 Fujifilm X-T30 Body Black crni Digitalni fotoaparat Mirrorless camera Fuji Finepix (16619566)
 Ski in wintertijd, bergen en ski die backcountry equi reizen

* * * *

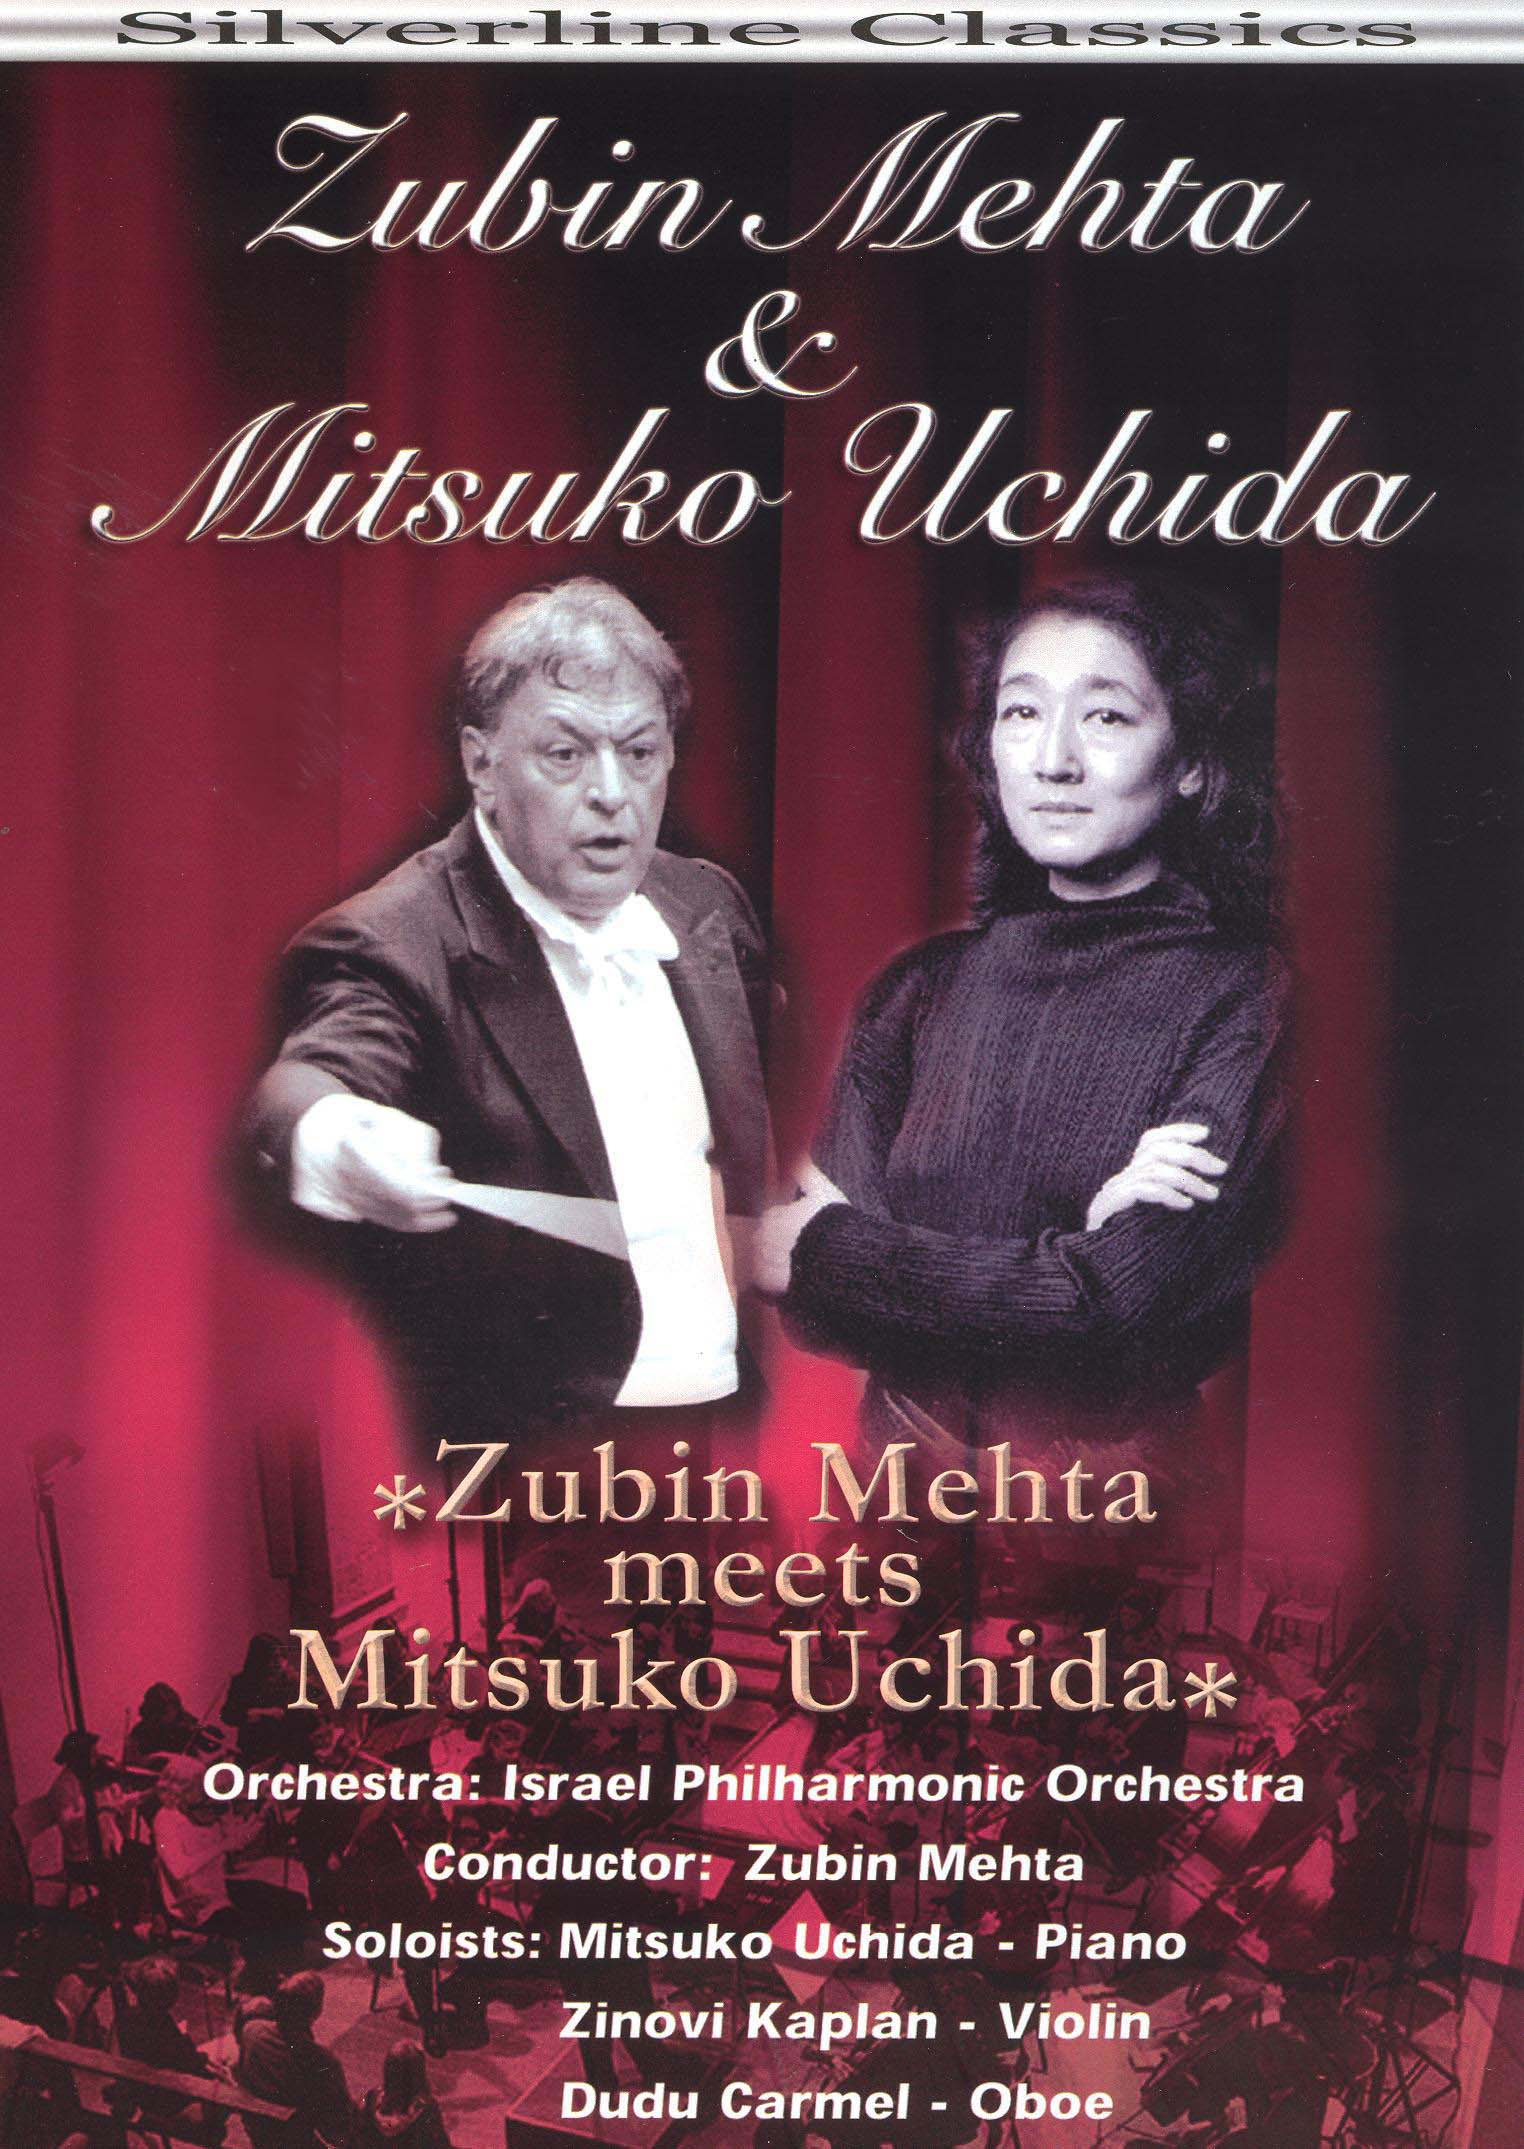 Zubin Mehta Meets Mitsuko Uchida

* * * *

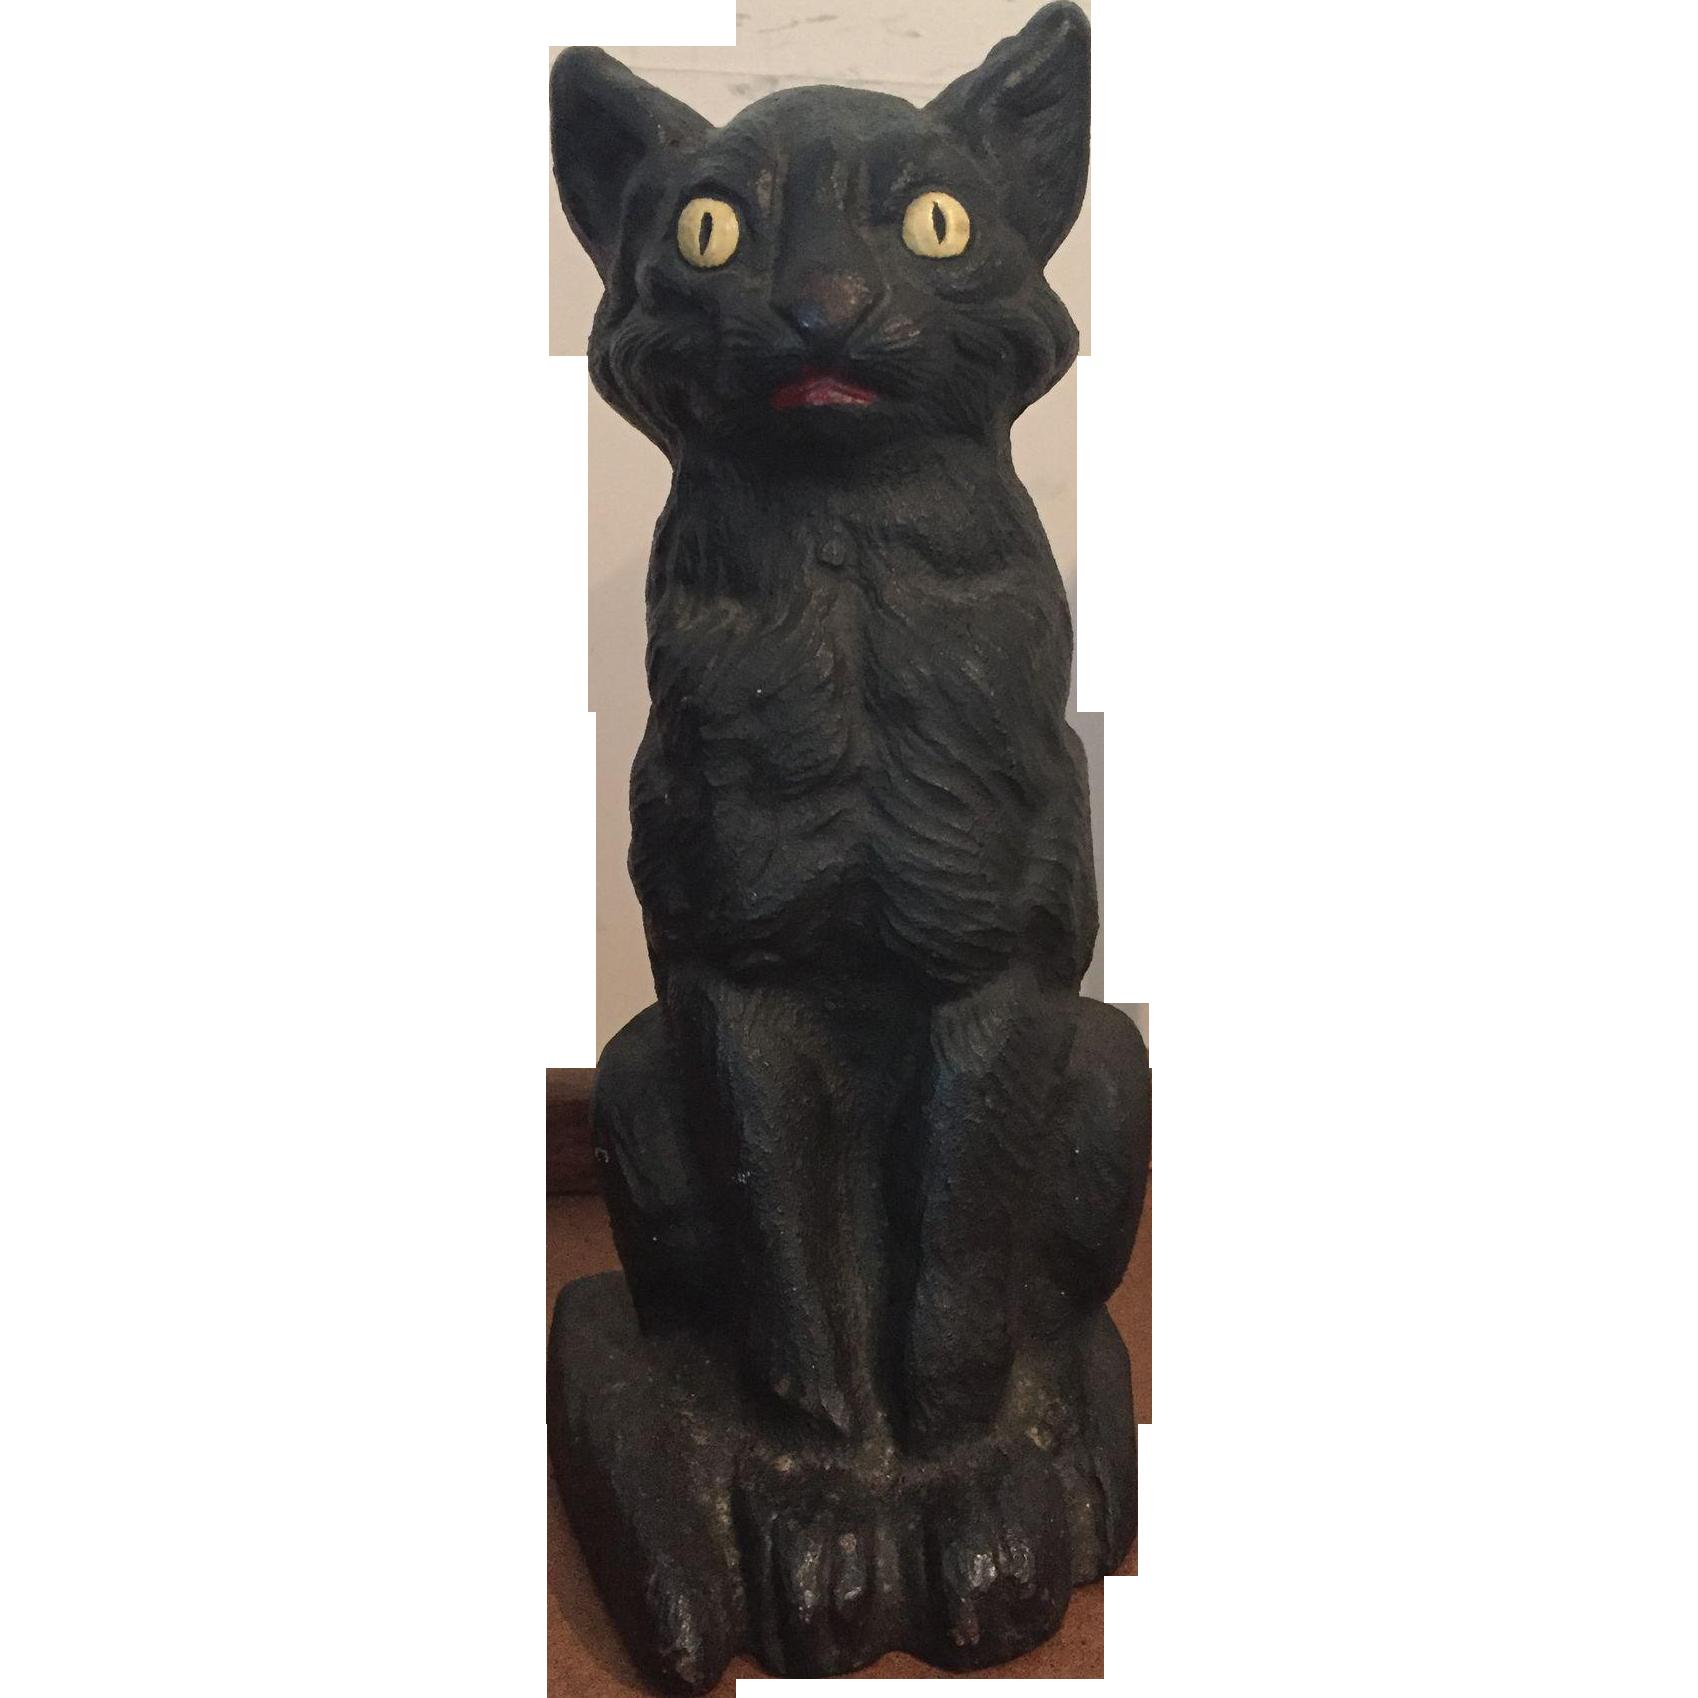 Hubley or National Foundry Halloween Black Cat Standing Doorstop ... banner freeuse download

* * * *

* **ACTION ITEM**
All lines in the listing above from the line containing "Fujifilm X-T30 Body" to the line containing "Ski in wintertijd, bergen", inclusive, should be retyped exactly; no other lines should appear.

* **ANSWER BELOW**
 Fujifilm X-T30 Body Black crni Digitalni fotoaparat Mirrorless camera Fuji Finepix (16619566)
 Ski in wintertijd, bergen en ski die backcountry equi reizen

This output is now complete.